Polynomial approximation

Fitting polynomials

  • Let’s approximate: \(f(;\theta) = \sum_{n=0}^K \theta_k x^k\).

  • We need \((K+1)\) points to fit a polynomial of order \(K\). Let’s take grid points \((x_0, ... x_{K})\) and denote \(y_k=f(x_k)\)

  • We need to solve in \((\theta_k)_{k=[0,K]}\):

\[\forall n \in[0,K], \underbrace{\sum_k \theta_k (x_n)^{k}}_{M \theta} = y_k\]

Vandermonde Matrix

  • \(M\) has a special structure, a Vandermode matrix: \[ M = \begin{bmatrix} 1 & x_0 & x_0^2 \cdots & x_0^K \\\\ 1 & x_1 & x_1^2 \cdots & x_1^K \\\\ 1 & x_2 & x_2^2 \cdots & x_2^K \\\\ \vdots & \vdots & \ddots & \vdots \\\\ 1 & x_K & x_K^2 \cdots & x_K^K \end{bmatrix} \]
  • Vandermonde matrix is ill-conditioned if points are too close or if \(K\) is high.

Orthogonal polynomials

  • Define a scalar product over functions on the domain \([a,b]\) by choosing a positive weight function \(w(x)\). \[<P,Q> = \int_a^b w(x) P(x)Q(x) dx\]

  • Construct an orthogonal base \((T_n)_{n=[1,K]}\).

  • Approximate \[f(x)\approx f(x; \theta) = \sum_{n=0}^K \theta_n T_n(x)=\sum_{n=0}^K <f|T_n> T_n(x)\]

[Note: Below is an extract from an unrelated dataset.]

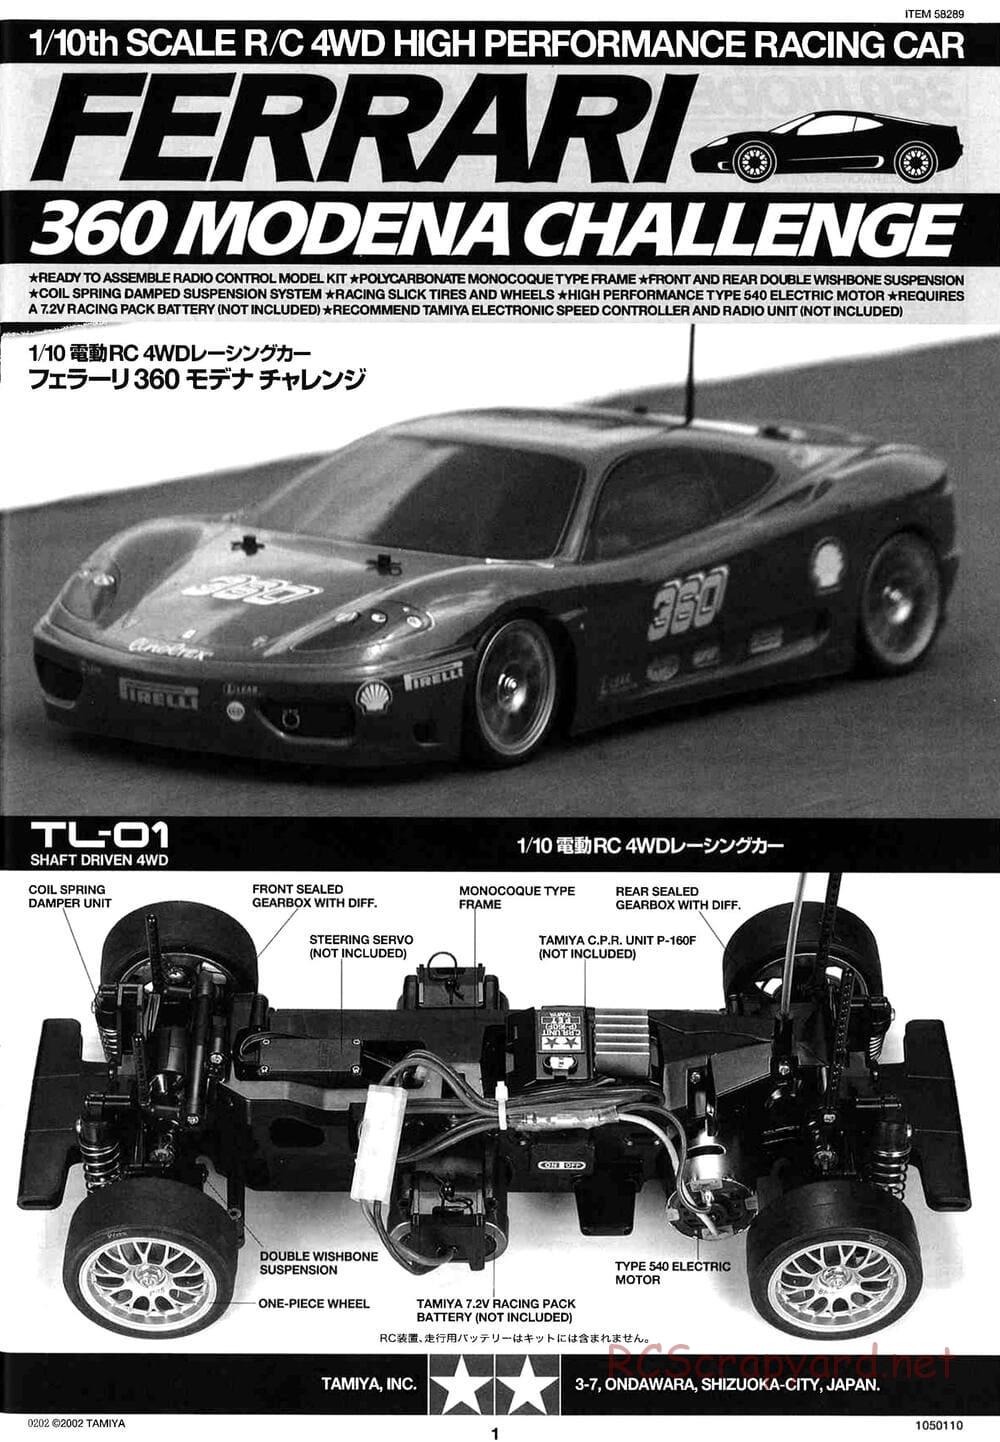 Tamiya - Ferrari 360 Modena Challenge - TL-01 Chassis - Manual - Page 1

    • this is optimal for the norm associated to \(<>\) (projection on the orthogonal base)

Vandermonde matrix

Coefficients can still be identified by inverting: \[\forall n \in[0,K] \underbrace{\sum_k \theta_k T_k(x_n)}_{M \theta} = y_n\]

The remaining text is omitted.